--- GIVEN MATERIAL Enclosed Below ---

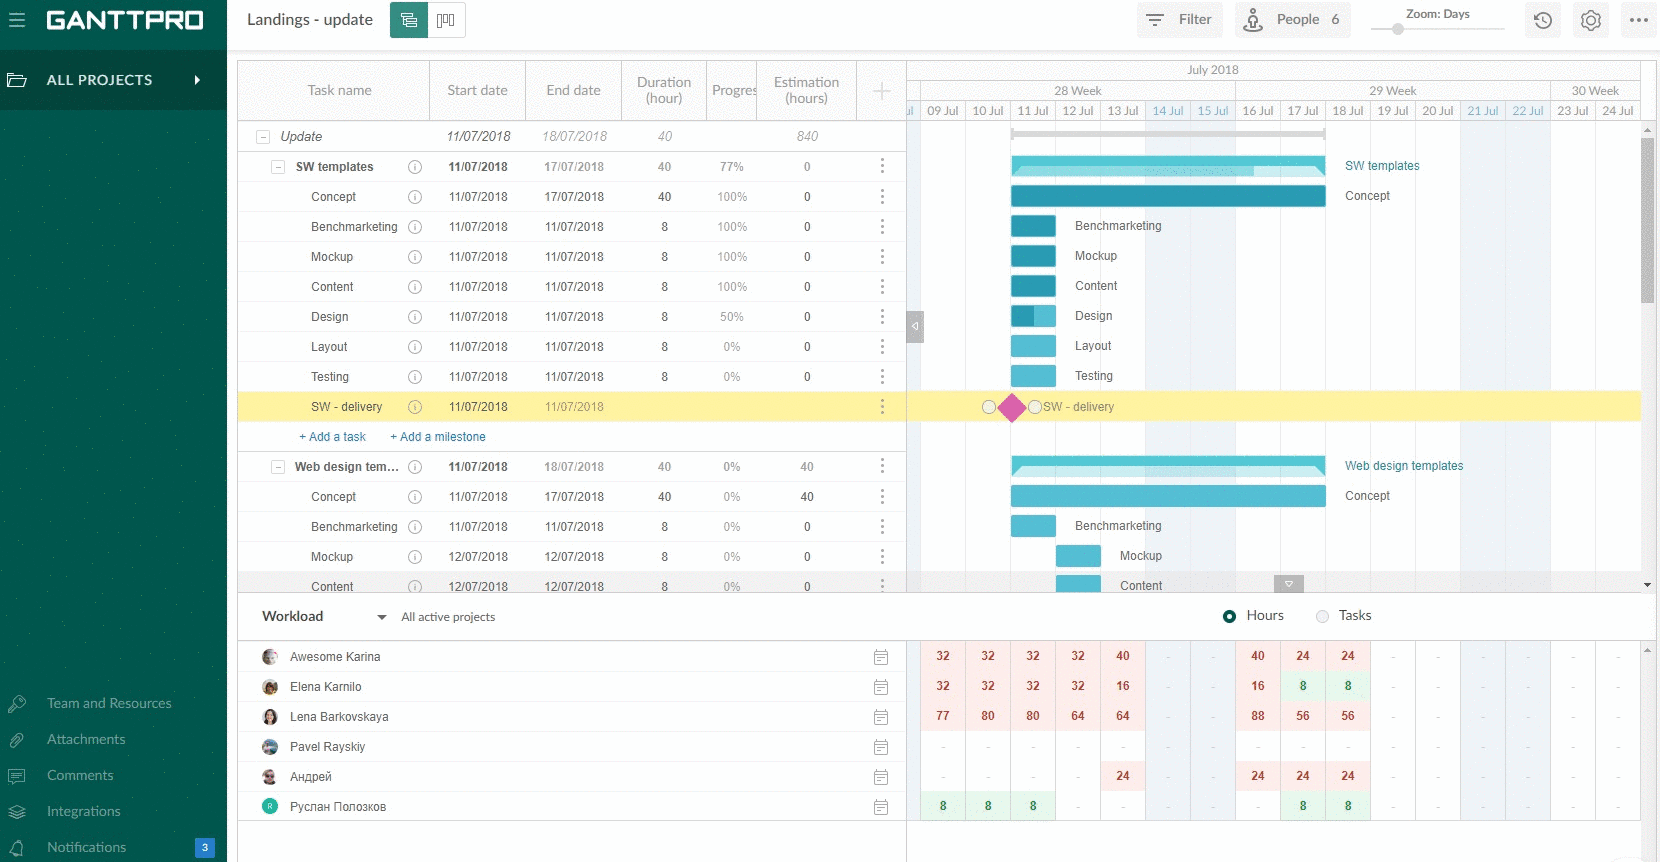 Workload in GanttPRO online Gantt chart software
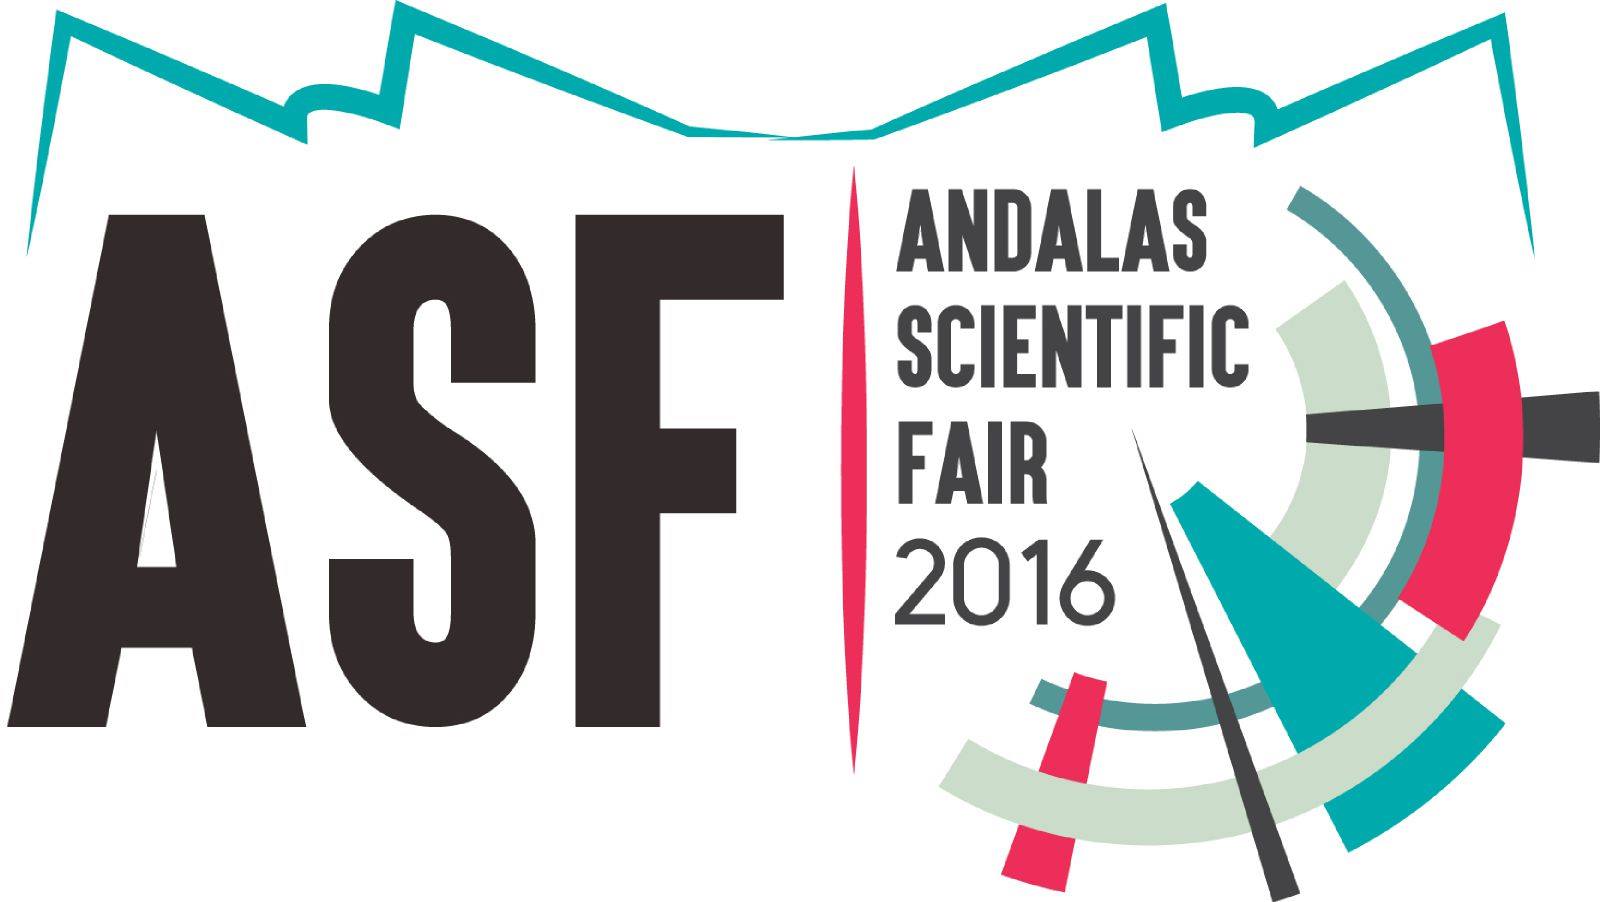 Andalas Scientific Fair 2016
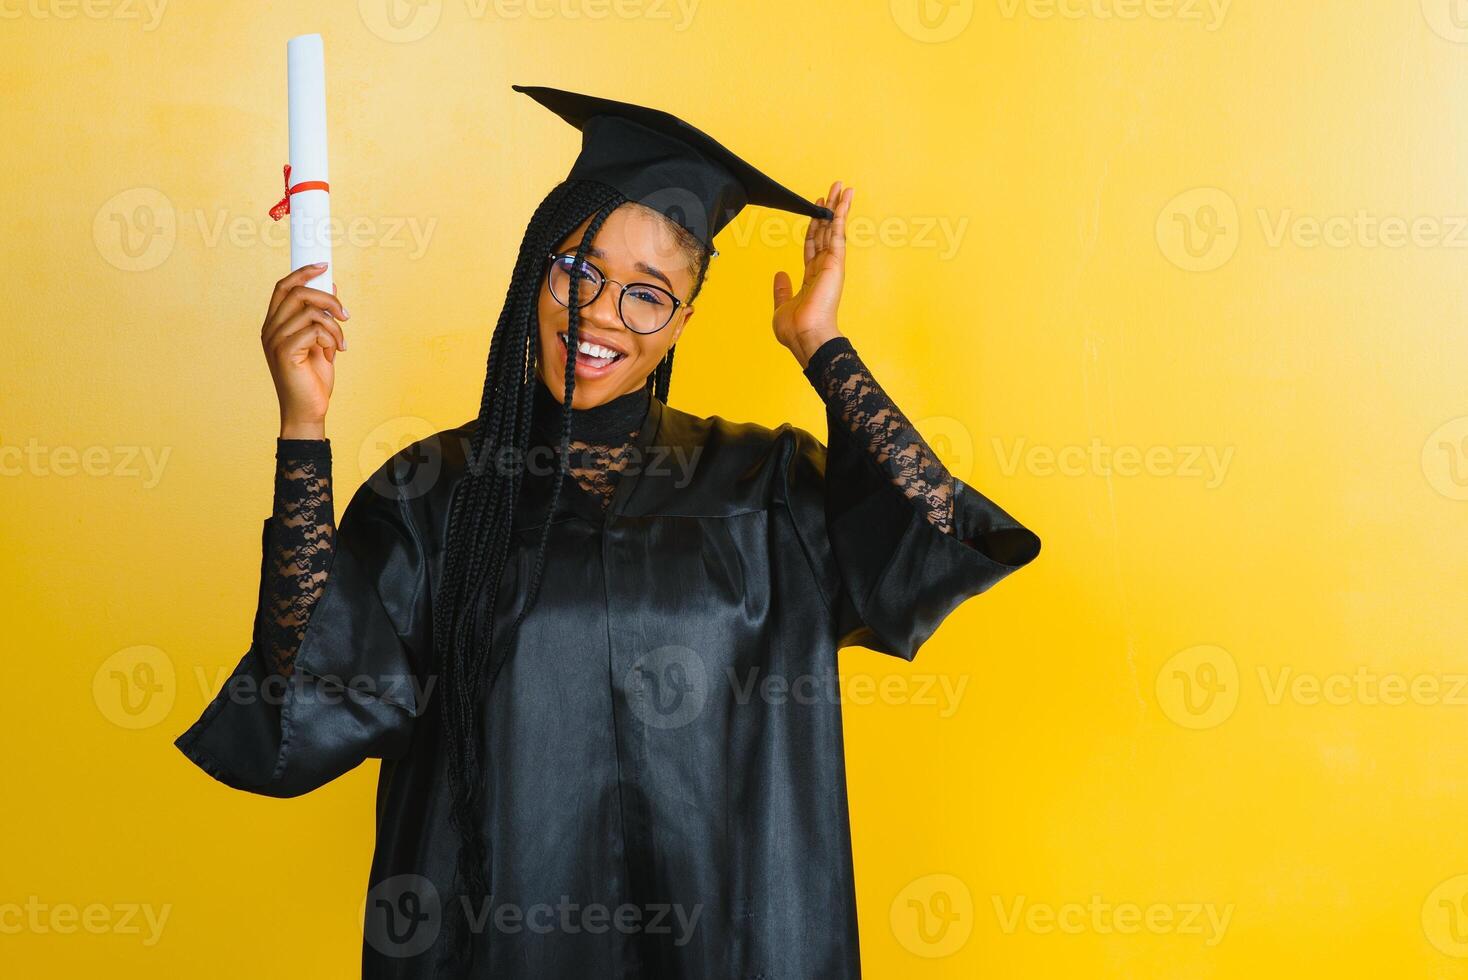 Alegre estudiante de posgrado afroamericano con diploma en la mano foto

--- End of Enclosed GIVEN MATERIAL ---

ASSIGNED TASK >>
From the line containing "Andalas Scientific Fair 2016" through the final line of the listing, copy every line exactly and nothing else. Skip the pictures.

SOLUTION FOR THIS PROBLEM >>
 Andalas Scientific Fair 2016
 Alegre estudiante de posgrado afroamericano con diploma en la mano foto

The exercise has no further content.